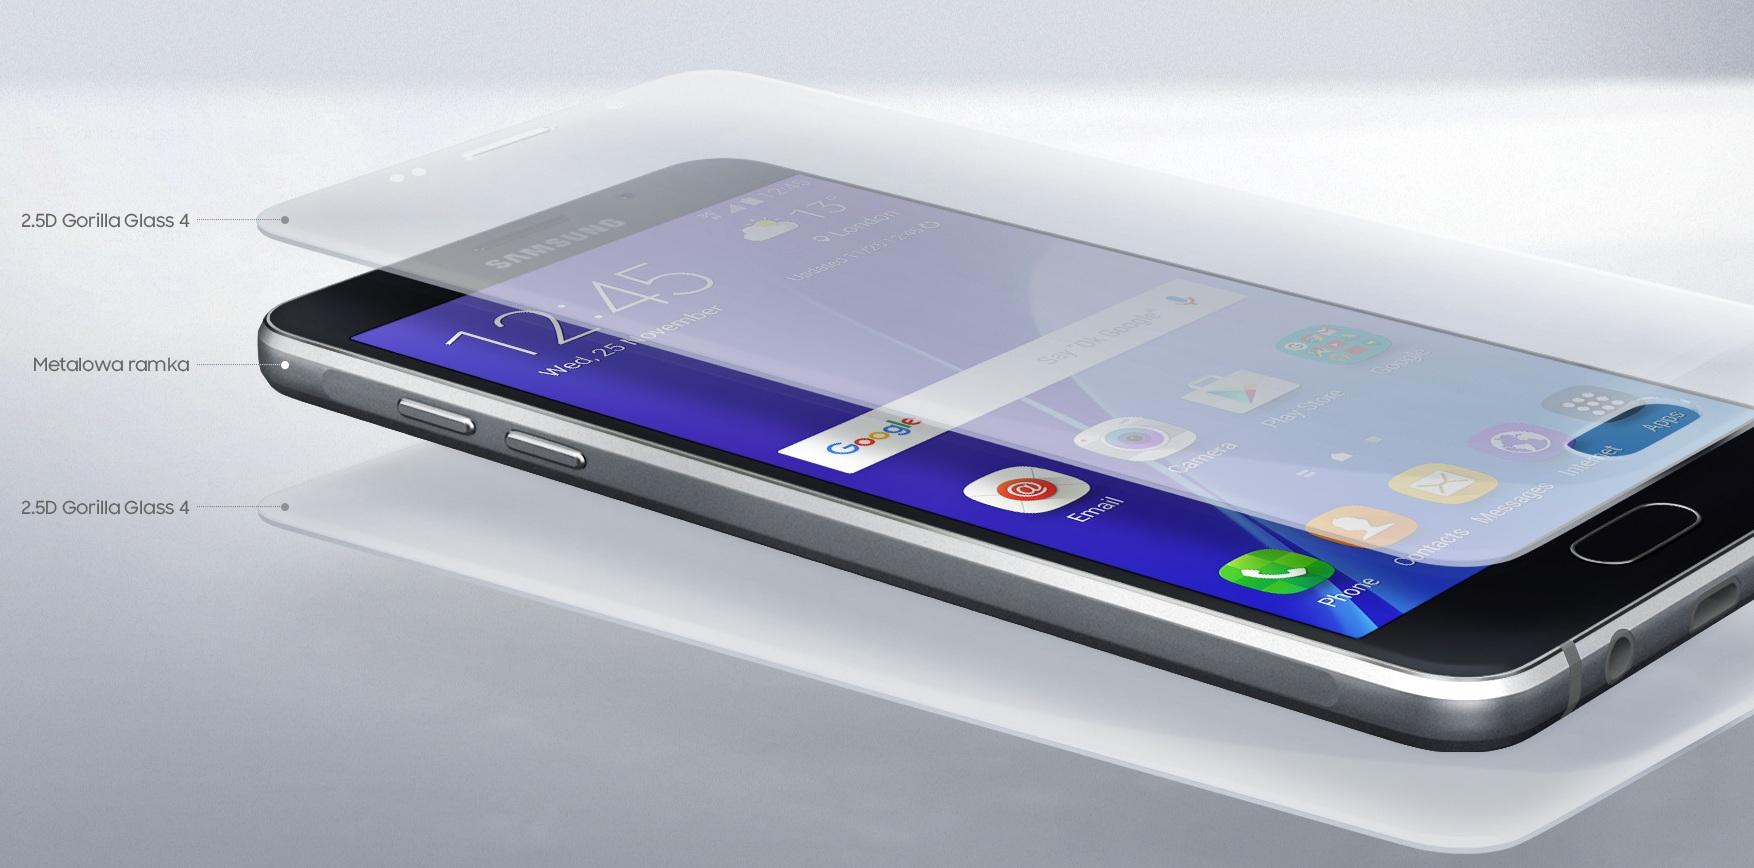 Samsung Galaxy A5 2016 Gorilla Glass
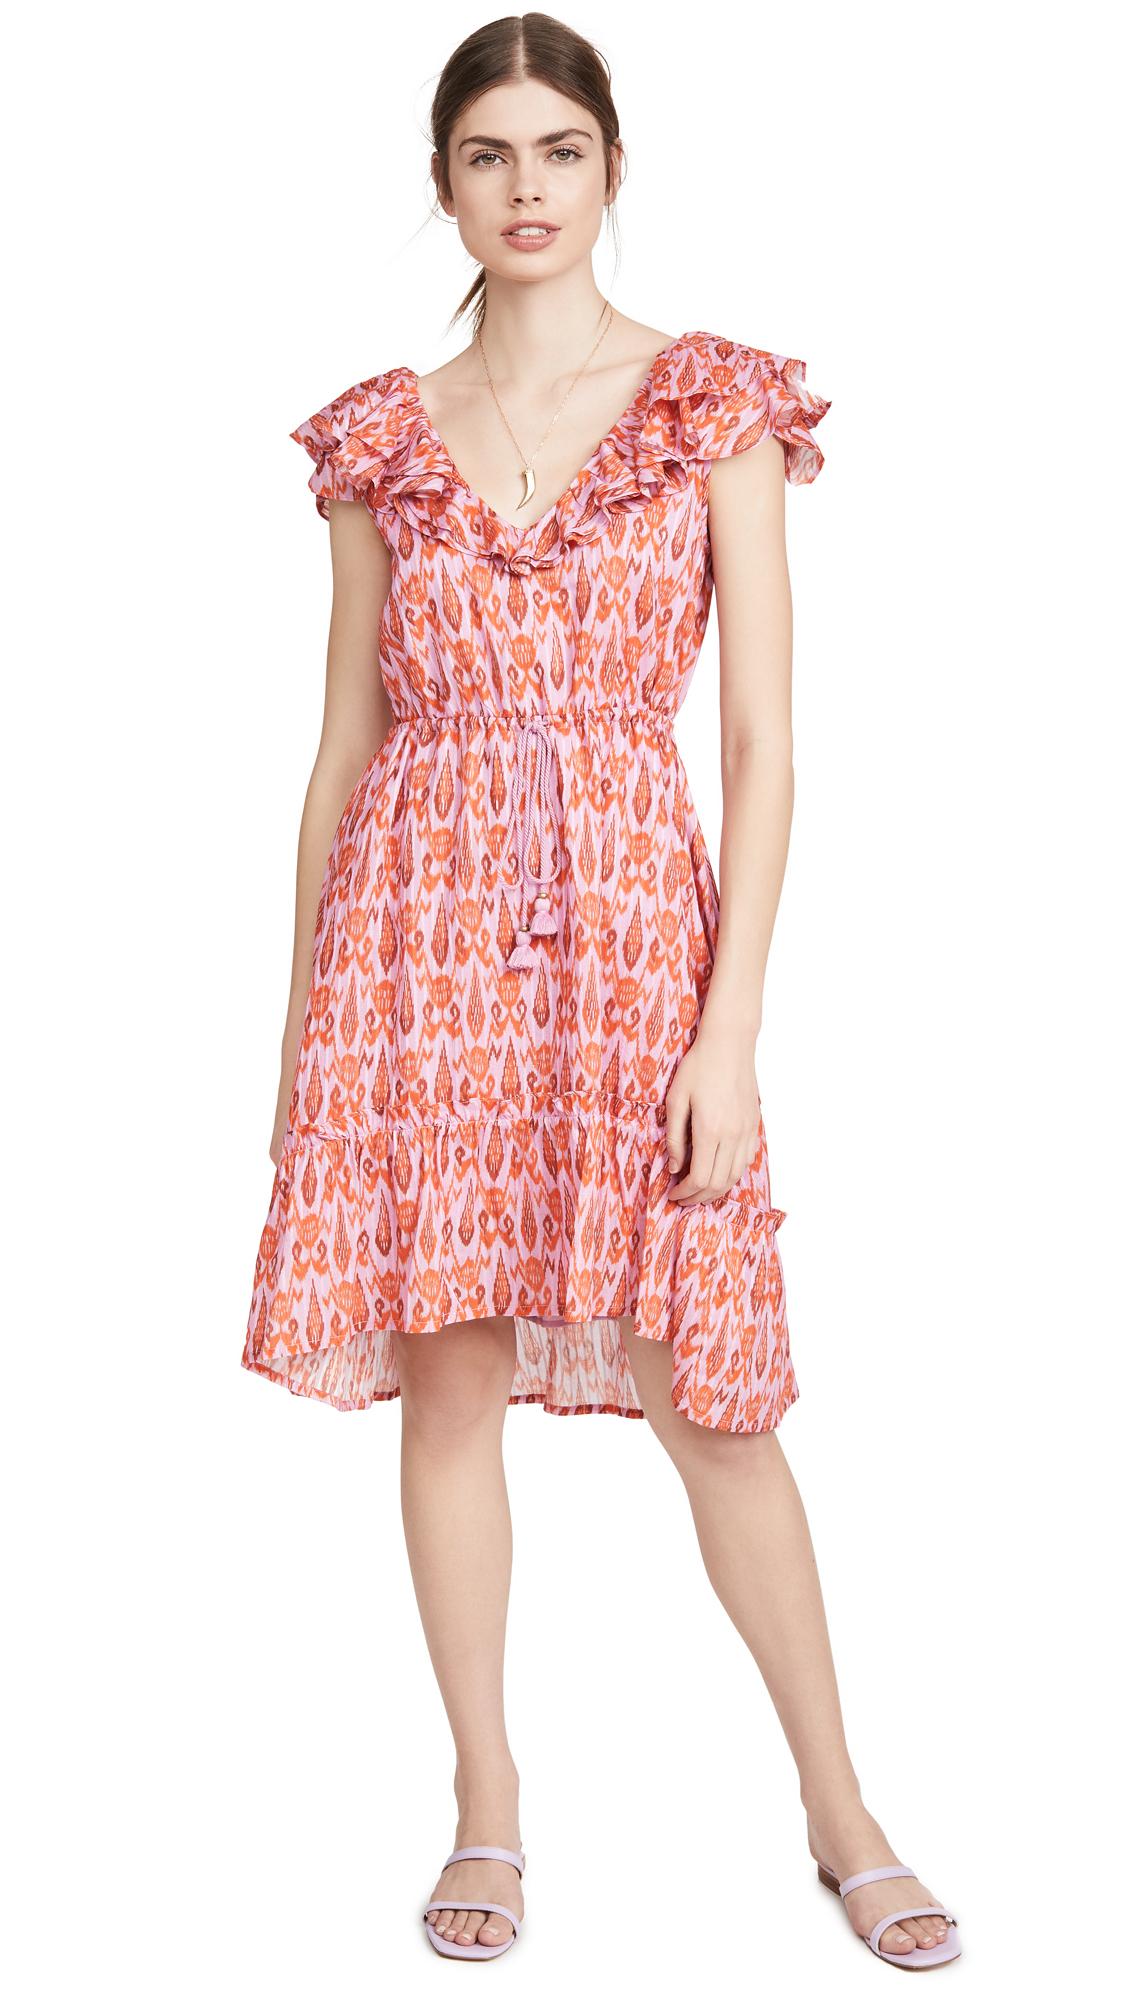 Figue Tahlia Dress - 60% Off Sale
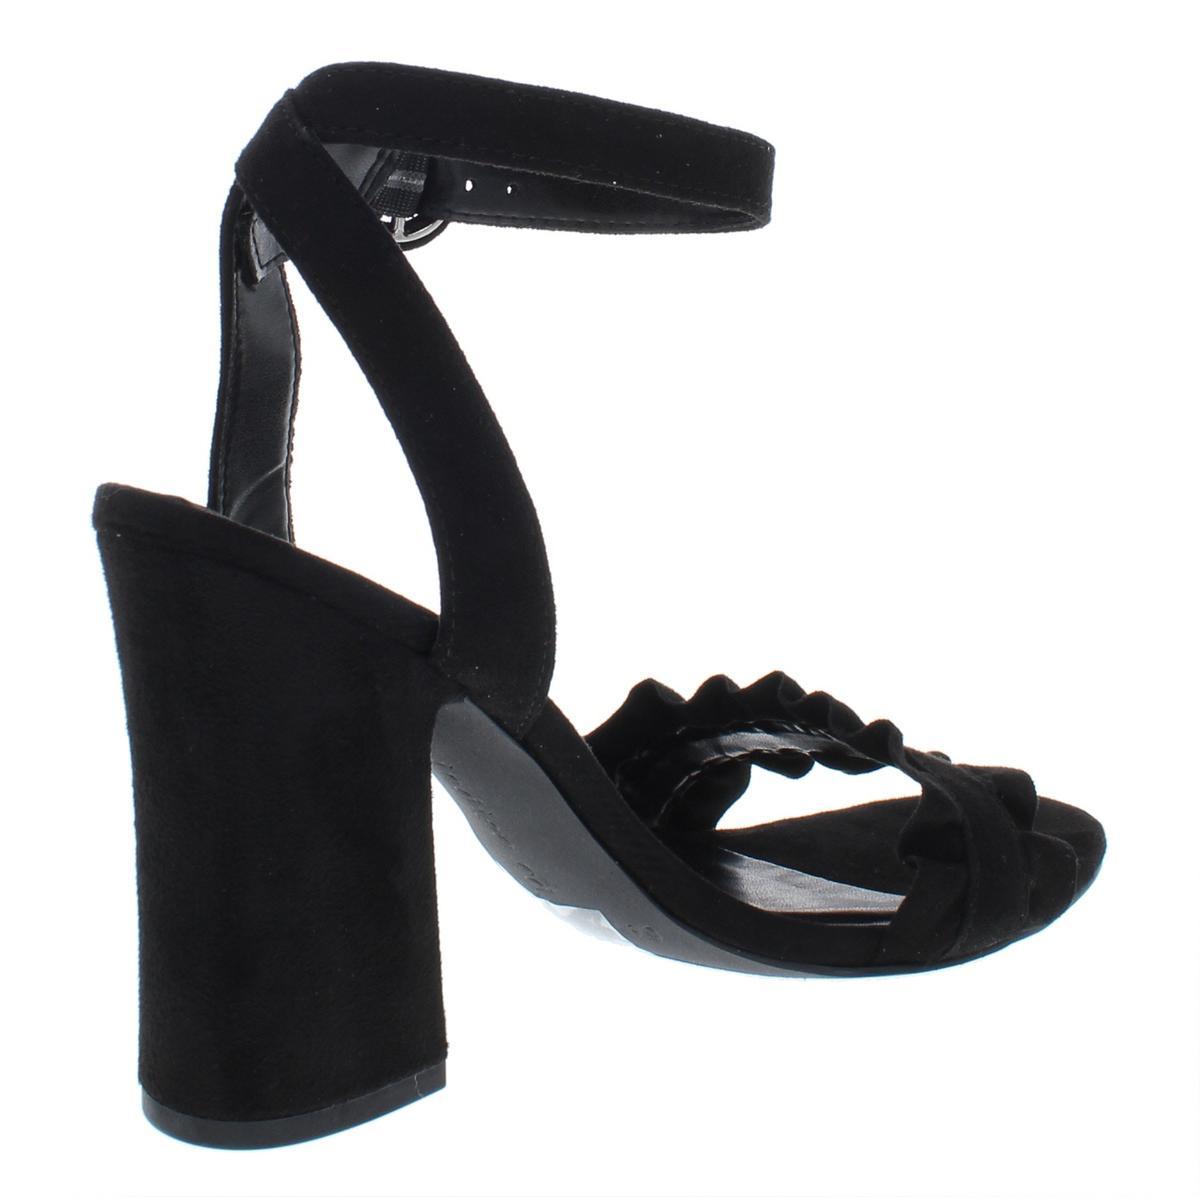 Indigo-Rd-Womens-Sandie-Faux-Suede-Block-Heel-Dress-Sandals-Shoes-BHFO-6802 thumbnail 4
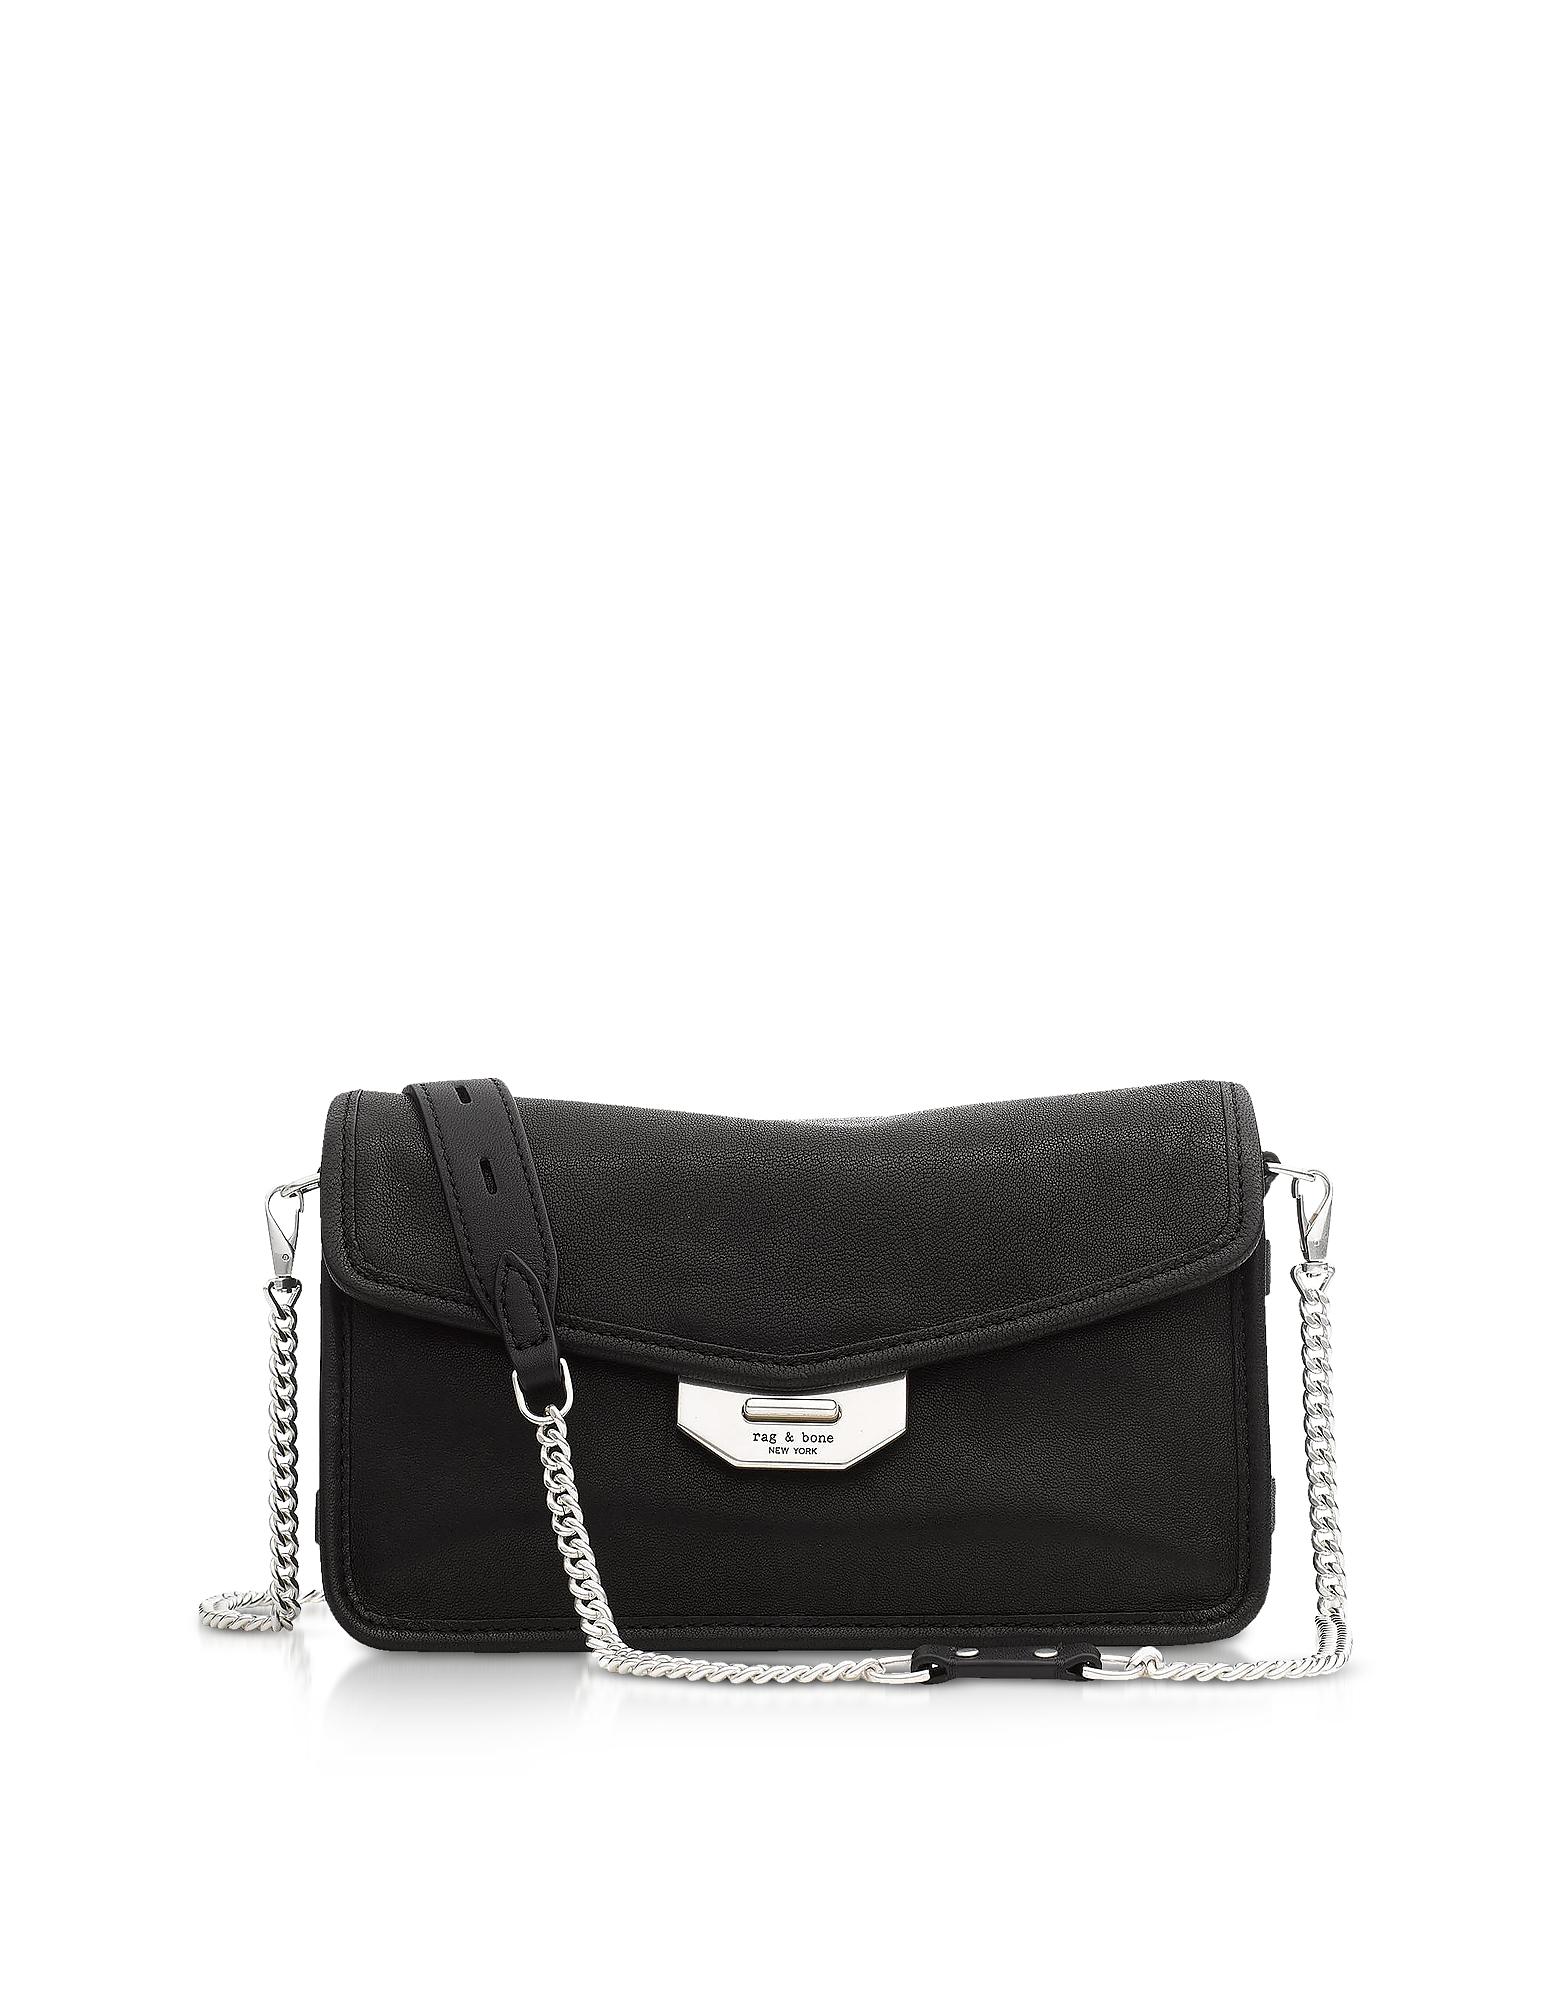 Image of Rag & Bone Designer Handbags, Black Leather Field Clutch
++++++++++++++++++++
Task objective: Repeat word for word the lines from the one holding "Figue Tahlia Dress - 60% Off Sale" through the last line of the listing above, including both ends. Drop the pictures.

Answer section:
 Figue Tahlia Dress - 60% Off Sale
 Indigo-Rd-Womens-Sandie-Faux-Suede-Block-Heel-Dress-Sandals-Shoes-BHFO-6802 thumbnail 4
 Image of Rag & Bone Designer Handbags, Black Leather Field Clutch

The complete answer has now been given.